# Strength of magnetic field

1. Feb 16, 2006

### supersleeves

I've been working on this problem for awhile now, and I cannot seem to grasp it .

In this problem, we are to find the strength and direction of the electric field at the point indicated by the black dot (see image below). How would I go about doing this?

Last edited: Feb 16, 2006
2. Feb 16, 2006

### Staff: Mentor

Hint: Stationary electric charges don't produce magnetic fields.

3. Feb 16, 2006

### supersleeves

Whoops, I meant electric field. Silly me :P

4. Feb 16, 2006

### Staff: Mentor

I kind of suspected it was supposed to be electric field, but I just wanted to make sure. Textbook authors and professors do sneaky tricks sometimes.

First, find the electric field at the black dot, that is produced by the positive charge alone. Ignore the negative charge for the moment.

Second, find the electric field at the black dot, that is produced by the negative charge alone. Ignore the positive charge for the moment.

Third, add together the two electric fields that you just found. This gives you the electric field at the black dot, that is produced by the two charges together.

Hint: electric field is a vector quantity, so the result of each step has both magnitude and direction.

5. Feb 16, 2006

### supersleeves

I've tried that a million times and I'm still not coming out with the right answer >:-O By following that procedure, my answer keeps coming out to zero. I got ~1800 N/C for the field of the positive charge and ~-1800 N/C for the field of the negative charge... What am I doing wrong????

6. Feb 16, 2006

### Staff: Mentor

I'll repeat my hint: the electric field is a vector. A vector has magnitude and direction. You have the magnitude of the field produced by each charge alone, except that the magnitude of a vector is always positive, so get rid of the minus sign on the field produced by the negative charge.

What is the direction of the electric field produced by the positive charge alone, and what is the direction of the electric field produced by the negative charge alone?

Do you remember how to add vectors that are in different directions?

7. Feb 16, 2006

### supersleeves

Okay, I think that makse sense... let's see if I'm on the right track.
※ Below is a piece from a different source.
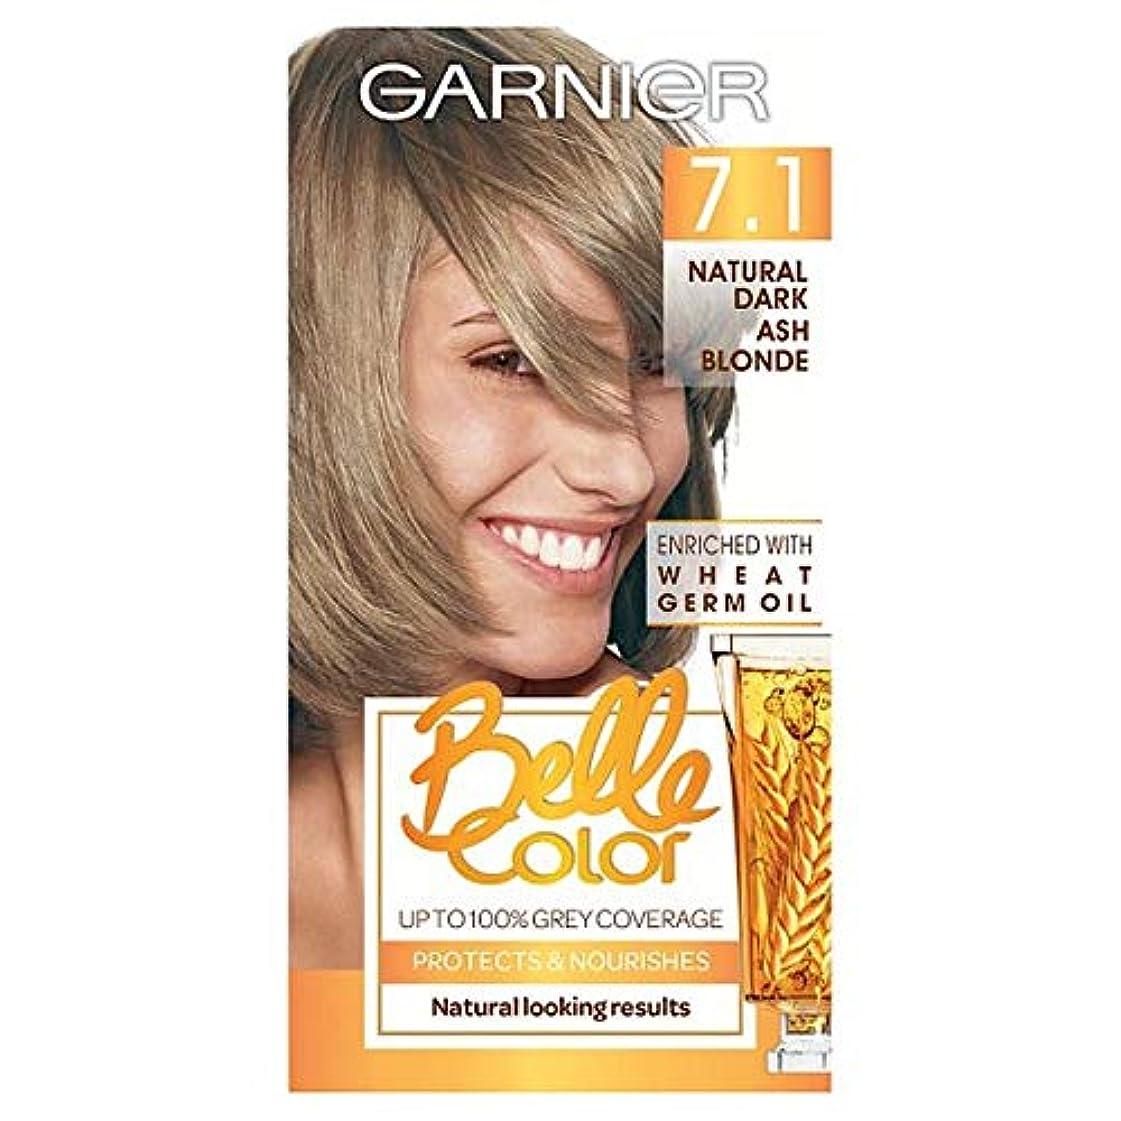 感度達成可能アラブ人[Belle Color] ガーン/ベル/Clr 7.1自然暗い灰ブロンドパーマネントヘアダイ - Garn/Bel/Clr 7.1 Natural Dark Ash Blonde Permanent Hair Dye...

So I figured the magnitude of each vector to be 1800 N/C. The direction of the field produced by the positive charge would then be -1800cos(45)i+1800sin(45)j and the direction of the field produced by the negative charge would be 1800cos(45)i+1800sin(45)j. (45 is in degrees)

To add the vectors, I would just add each of the i components and each of the j components to get 2545j (the i components cancel out)... correct? But this would mean that the vector is in the horizontal direction... and when I put 0 degrees in for the answer, it keeps telling me I'm wrong.

Grr... I wish the professor actually spent time on these things...

Thanks so much for your help/patience... it means a ton!

8. Feb 16, 2006

### Gokul43201

Staff Emeritus
What direction is $\hat{j}$ along ?

Last edited: Feb 16, 2006
9. Feb 16, 2006

### supersleeves

oh, i had them backwards. grr. I guess that would mean that j would be along the x-axis, making that whole thing a bunch of mumble jumble. That should still make the work correct though, as the component in the y-direction will cancel out? I guess that means that the final vector I got was 2545i, not 2545j.

I'm just a a mess with this.

10. Feb 16, 2006

### Staff: Mentor

Draw the two $\vec E$ vectors on the diagram, with their tails at the black dot. The electric field points away from a positive charge, and towards a negative charge. This should show you that the sum of the two vectors points downwards (negative y, or $-\hat j$ direction).

11. Feb 17, 2006

### supersleeves

okay, that makes sense!

Thanks so much for your help!!!